When `L` is a model array, `MM` is a structure array with one entry for each model in `L`.

Disk margins for independent variations in all input and output channels of the plant `P`, returned as a structure having the same fields as `MM`.

## Tips

• `diskmargin` assumes negative feedback. To compute the disk margins of a positive feedback system, use `diskmargin(-L)` or `diskmargin(P,-C)`.

• To compute disk margins for a system modeled in Simulink®, first linearize the model to obtain the open-loop response at a particular operating point. Then, use `diskmargin` to compute stability margins for the linearized system.
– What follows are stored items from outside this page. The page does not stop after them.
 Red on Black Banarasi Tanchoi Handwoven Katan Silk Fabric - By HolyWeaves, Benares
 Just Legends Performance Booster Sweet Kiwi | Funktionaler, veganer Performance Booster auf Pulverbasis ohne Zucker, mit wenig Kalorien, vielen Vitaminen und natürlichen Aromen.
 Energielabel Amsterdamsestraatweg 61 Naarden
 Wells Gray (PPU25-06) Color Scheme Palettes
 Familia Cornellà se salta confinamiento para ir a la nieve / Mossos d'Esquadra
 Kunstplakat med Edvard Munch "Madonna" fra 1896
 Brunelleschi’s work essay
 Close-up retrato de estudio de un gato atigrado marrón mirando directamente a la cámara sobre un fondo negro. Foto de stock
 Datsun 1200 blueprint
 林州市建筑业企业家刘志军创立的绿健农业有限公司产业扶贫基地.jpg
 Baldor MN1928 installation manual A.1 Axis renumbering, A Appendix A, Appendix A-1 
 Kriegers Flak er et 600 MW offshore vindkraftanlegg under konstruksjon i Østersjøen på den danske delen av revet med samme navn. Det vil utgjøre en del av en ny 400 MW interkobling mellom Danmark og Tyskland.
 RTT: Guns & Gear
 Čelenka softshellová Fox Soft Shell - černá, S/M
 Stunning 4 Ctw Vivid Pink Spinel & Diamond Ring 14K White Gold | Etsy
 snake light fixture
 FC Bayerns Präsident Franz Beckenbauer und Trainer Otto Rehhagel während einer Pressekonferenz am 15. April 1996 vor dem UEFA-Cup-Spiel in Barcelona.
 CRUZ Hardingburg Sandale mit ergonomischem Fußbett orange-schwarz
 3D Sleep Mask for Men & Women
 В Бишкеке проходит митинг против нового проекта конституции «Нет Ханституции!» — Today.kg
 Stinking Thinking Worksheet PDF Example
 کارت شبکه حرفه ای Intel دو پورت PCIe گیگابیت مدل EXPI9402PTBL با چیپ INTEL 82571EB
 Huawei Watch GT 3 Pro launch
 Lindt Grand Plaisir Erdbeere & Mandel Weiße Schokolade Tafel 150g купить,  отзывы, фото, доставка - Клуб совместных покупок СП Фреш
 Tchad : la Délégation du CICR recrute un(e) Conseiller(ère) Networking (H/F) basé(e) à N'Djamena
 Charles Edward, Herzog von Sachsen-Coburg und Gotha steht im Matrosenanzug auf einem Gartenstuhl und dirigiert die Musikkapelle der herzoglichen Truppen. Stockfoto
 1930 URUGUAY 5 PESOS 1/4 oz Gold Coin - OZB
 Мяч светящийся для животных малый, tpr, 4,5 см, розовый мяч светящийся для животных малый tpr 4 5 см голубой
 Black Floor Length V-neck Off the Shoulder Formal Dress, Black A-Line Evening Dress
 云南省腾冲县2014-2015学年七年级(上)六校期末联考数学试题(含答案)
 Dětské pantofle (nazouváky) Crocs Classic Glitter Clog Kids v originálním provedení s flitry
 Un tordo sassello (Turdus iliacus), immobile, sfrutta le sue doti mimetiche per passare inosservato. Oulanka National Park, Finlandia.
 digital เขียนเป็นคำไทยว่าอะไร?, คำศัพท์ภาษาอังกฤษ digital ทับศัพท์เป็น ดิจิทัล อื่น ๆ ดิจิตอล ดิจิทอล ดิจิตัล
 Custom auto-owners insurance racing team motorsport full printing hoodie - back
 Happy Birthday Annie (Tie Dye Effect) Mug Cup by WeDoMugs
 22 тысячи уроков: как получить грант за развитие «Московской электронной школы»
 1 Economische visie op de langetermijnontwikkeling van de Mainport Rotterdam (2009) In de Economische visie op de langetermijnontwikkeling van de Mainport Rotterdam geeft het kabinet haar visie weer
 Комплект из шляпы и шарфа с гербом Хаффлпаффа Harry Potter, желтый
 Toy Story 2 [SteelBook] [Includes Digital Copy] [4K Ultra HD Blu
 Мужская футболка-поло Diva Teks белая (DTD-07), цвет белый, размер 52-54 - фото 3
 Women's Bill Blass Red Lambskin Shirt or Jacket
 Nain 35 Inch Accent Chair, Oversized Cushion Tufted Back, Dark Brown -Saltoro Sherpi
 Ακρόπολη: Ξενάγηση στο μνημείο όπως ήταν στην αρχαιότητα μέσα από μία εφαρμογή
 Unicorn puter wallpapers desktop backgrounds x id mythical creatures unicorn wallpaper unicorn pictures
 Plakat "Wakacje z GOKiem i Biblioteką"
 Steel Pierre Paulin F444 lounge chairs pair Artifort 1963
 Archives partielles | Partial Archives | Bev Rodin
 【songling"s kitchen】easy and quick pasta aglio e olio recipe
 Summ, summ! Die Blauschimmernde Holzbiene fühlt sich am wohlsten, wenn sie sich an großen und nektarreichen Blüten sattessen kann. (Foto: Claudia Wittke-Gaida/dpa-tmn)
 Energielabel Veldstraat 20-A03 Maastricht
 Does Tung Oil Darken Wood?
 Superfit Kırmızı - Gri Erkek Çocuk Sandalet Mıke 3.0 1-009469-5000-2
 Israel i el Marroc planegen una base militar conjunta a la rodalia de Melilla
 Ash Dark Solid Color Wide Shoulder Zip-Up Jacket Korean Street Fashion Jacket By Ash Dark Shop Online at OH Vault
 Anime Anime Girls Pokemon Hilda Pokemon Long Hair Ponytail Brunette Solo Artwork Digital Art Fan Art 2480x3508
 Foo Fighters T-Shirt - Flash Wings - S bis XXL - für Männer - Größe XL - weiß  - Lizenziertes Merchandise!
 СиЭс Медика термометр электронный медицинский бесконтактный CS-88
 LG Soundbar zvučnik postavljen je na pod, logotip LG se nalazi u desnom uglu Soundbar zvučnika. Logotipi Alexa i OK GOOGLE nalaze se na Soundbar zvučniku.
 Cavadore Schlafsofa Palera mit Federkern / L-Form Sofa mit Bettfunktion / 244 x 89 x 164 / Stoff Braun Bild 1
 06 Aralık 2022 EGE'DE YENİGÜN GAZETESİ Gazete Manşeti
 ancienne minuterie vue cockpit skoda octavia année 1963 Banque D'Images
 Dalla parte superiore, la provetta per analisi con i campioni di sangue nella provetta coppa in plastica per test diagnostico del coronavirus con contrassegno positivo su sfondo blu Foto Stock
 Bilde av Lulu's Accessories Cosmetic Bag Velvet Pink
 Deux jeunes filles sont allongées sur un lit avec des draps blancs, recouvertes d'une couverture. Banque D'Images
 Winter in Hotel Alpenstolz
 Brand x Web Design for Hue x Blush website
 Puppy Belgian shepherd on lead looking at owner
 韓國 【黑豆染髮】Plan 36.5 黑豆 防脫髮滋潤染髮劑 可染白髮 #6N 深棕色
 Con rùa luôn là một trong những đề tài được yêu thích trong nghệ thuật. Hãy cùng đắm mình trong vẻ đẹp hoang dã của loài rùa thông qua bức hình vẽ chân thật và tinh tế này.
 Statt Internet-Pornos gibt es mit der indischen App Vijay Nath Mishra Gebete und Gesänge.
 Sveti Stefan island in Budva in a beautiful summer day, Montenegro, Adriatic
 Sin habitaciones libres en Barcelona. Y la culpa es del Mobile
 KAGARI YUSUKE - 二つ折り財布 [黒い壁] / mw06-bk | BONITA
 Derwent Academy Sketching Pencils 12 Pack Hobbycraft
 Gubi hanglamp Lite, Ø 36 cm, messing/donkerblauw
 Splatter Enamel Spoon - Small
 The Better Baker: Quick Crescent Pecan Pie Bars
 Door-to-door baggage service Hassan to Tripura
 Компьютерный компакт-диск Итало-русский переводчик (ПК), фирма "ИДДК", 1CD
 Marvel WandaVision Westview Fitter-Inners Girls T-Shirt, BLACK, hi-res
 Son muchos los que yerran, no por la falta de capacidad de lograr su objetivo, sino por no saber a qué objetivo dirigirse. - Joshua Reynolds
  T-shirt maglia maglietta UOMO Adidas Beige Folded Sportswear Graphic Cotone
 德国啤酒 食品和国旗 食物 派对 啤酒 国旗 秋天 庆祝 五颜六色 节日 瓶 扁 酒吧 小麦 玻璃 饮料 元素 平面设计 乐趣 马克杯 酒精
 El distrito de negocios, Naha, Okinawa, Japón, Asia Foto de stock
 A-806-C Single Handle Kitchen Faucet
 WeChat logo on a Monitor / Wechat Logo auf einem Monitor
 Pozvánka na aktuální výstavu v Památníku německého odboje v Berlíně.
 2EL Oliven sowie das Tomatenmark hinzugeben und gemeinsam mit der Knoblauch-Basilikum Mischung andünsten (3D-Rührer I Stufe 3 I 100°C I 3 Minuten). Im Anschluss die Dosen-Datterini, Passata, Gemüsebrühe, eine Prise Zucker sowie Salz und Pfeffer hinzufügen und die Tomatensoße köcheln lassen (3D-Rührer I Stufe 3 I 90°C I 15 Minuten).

For more information, see Stability Margins of a Simulink Model.

• To compute classical gain and phase margins, use `allmargin`.

## Algorithms

For SISO L, the uncertainty model for disk-margin analysis incorporates a multiplicative complex uncertainty Δ into the loop transfer function as follows:

`$L\to {L}_{\Delta }=L\frac{1+\Delta \left(1-E\right)/2}{1-\Delta \left(1+E\right)/2}=L\left(1+{\delta }_{L}\right),\text{ }|\Delta |<\alpha .$`

For Δ = 0, the multiplicative factor is 1, corresponding to the nominal L. As Δ varies in the ball |Δ| < α, the gain and phase of the multiplicative factor are a model for gain and phase variation in L. The eccentricity parameter E varies the shape of the applied uncertainty in the complex plane. The disk margin is the smallest radius α at which the closed-loop system becomes unstable. From the disk margin α, `diskmargin` derives the minimum gain and phase margins.

For MIMO systems, `diskmargin` applies an analogous uncertainty model that allows the uncertainty to vary independently in each channel.

For further details about the computation and interpretation of disk margins, see Stability Analysis Using Disk Margins.

 Blight, J.D., R.L. Dailey, and D. Gangsaas. "Practical Control Law Design for Aircraft Using Multivariable Techniques." International Journal of Control. Vol. 59, Number 1, 1994, pp. 93–137.